Despite all this, the government has come up with all sorts of fancy initiatives:
The Smart City project, but who will power this so-called smart city when we can’t even keep the dumb city lit?
PRIME, to build a new army of entrepreneurs. But how will they run businesses, by hand-cranking their machines like in the 1800s?
STEAM education in schools, to teach students the ancient art of fire-making since they will need it when the lights go out?
The solution is staring us in the face.
Fix the miserable grid. Before dreaming up futuristic projects, how about ensuring that the electricity we do have doesn’t disappear altogether?
Renewable energy is everywhere, yet we remain pathetically power-starved. Meanwhile, this government hires consultants for everything, probably even to remind them to exhale after inhaling. So either make them do something useful for once or just admit we are paying obscene fees for professional head-scratchers.

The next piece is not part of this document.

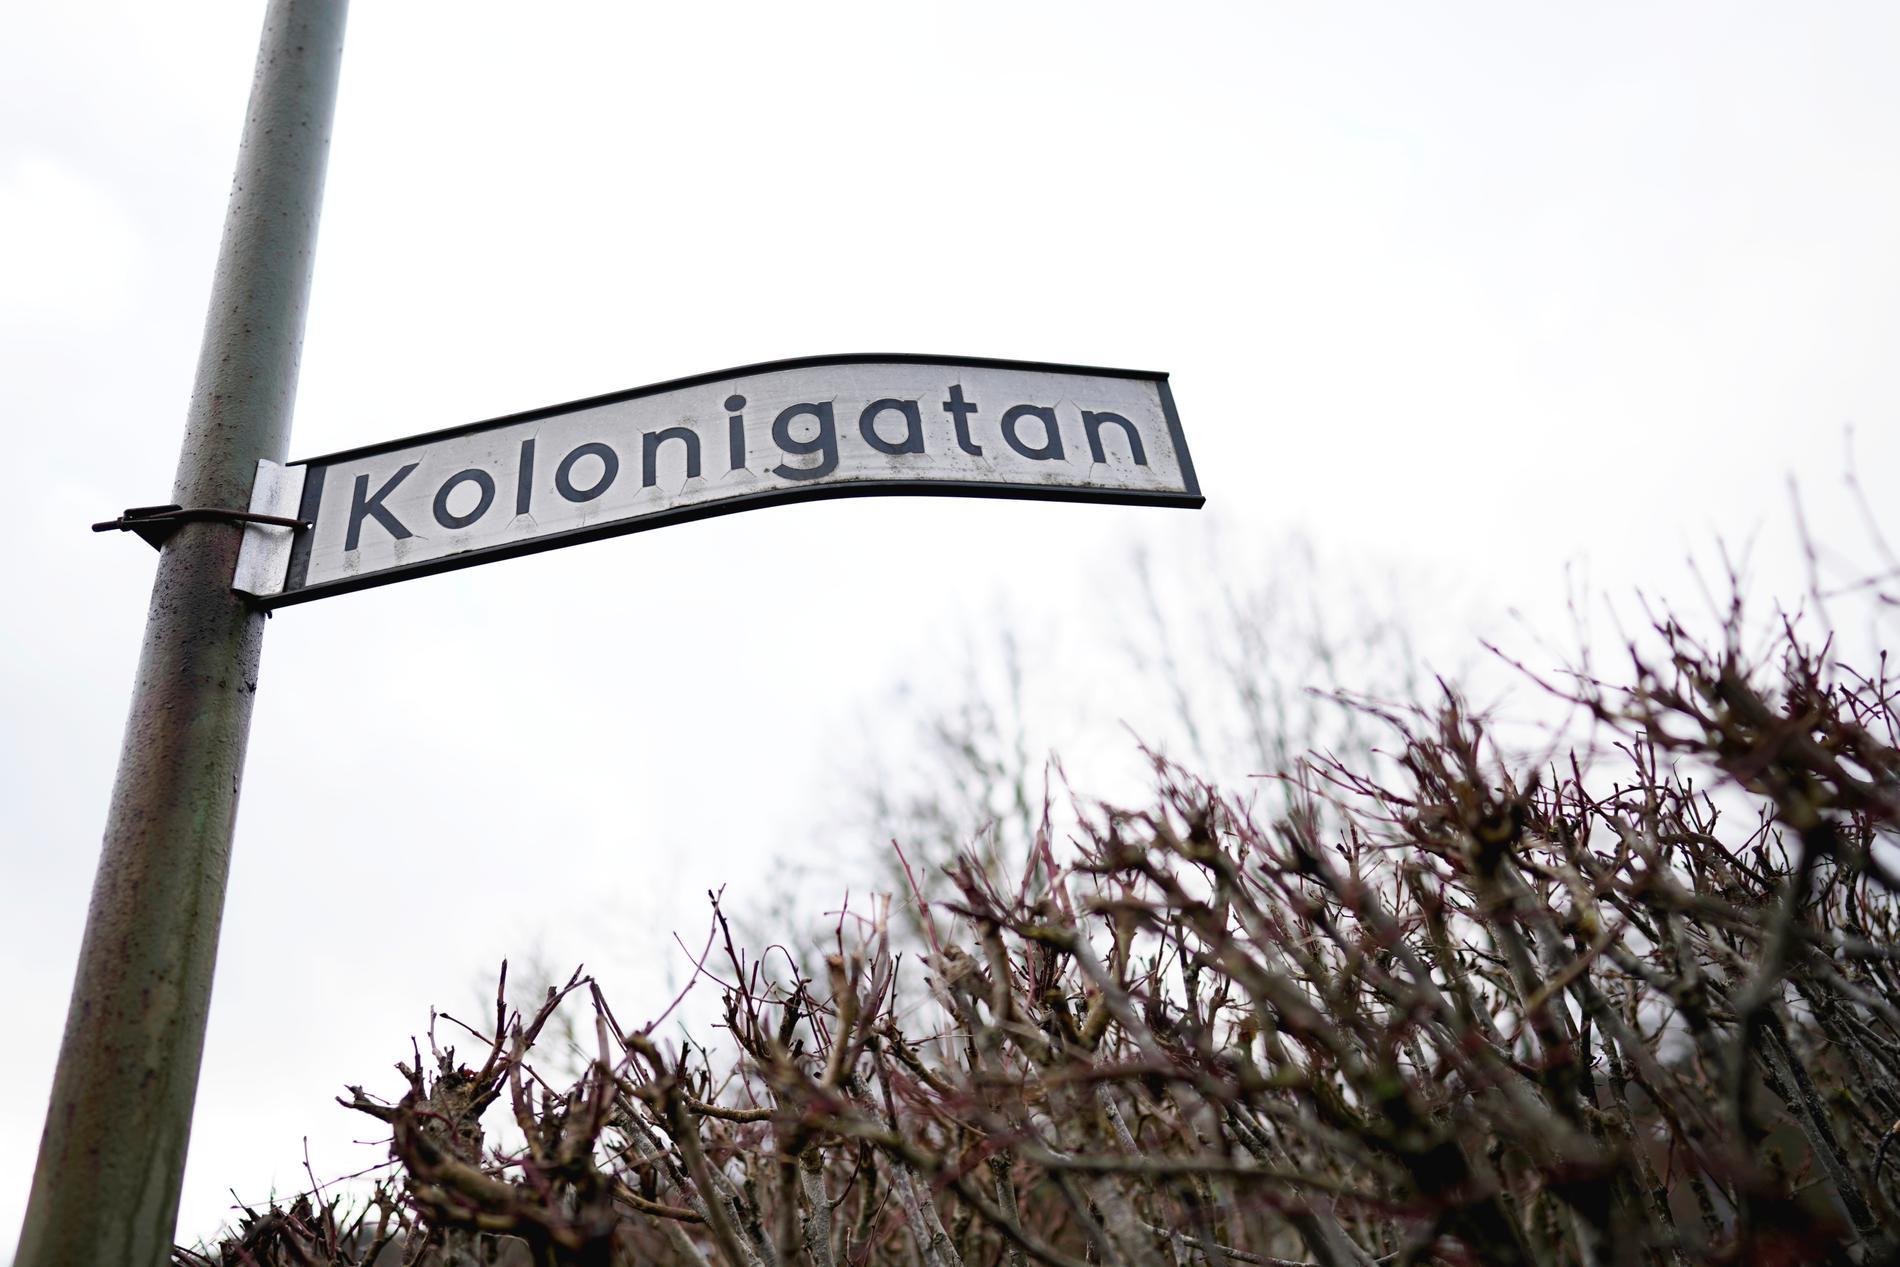 En man i 70-årsåldern blev knivdödad i Borås i vintras. Nu döms en ung man till rättspsykiatrisk vård för mordet. Arkivbild.

The government must also hunt down every last rupee from the miserable industries that have feasted on free electricity for years. Pulling the plug on them isn’t punishment, it is a minor inconvenience. Because when we, the lesser mortals, miss a bill, we don’t just get a polite reminder, we get a disconnection notice delivered at the speed of light!
And we do not want to be fed the same recycled excuses:
We are working on it. We know you are not!
We need more time. You have had decades!
We will improve. After we start using kerosene lamps again?
This is not a request. This is not a plea. This is a demand for what is rightfully ours. Because we the people of Meghalaya deserve better.
And those in charge should remember, when history looks back at this moment, it will remember who failed and who paid the price!